Your assignment —
Copy each line of the records that holds the string "Bild".

--- Exercise data Enclosed Below ---

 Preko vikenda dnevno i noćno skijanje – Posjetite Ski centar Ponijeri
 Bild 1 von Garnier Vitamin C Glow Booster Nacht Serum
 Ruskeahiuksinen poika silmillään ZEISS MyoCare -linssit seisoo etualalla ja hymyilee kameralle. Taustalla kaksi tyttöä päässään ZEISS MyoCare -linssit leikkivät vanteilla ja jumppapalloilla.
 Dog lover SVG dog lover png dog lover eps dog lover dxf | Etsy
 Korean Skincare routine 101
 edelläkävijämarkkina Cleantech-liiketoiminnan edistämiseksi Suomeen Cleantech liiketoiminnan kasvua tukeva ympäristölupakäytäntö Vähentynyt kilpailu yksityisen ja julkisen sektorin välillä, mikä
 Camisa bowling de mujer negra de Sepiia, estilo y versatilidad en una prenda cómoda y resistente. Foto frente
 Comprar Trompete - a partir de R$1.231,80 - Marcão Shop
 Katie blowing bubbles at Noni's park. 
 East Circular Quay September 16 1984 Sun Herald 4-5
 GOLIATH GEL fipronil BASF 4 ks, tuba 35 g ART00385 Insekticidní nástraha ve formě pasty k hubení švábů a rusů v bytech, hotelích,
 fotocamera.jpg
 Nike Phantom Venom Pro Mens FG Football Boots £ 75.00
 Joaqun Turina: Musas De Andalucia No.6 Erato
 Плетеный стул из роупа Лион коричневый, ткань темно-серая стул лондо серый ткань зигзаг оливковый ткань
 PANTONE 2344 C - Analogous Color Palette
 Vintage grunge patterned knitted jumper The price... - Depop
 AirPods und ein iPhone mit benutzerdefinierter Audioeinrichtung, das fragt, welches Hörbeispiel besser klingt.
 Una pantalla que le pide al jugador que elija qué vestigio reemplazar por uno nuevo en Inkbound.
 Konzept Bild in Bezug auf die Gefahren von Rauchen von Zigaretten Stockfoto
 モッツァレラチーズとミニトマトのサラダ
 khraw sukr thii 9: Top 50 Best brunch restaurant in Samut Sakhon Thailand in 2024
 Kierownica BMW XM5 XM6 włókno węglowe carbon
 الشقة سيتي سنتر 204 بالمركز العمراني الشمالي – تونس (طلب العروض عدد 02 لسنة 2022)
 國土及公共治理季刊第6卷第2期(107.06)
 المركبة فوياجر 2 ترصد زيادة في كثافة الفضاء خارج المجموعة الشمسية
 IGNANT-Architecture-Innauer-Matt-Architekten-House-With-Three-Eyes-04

--- End of Enclosed Exercise data ---

Solution —
 Bild 1 von Garnier Vitamin C Glow Booster Nacht Serum
 Konzept Bild in Bezug auf die Gefahren von Rauchen von Zigaretten Stockfoto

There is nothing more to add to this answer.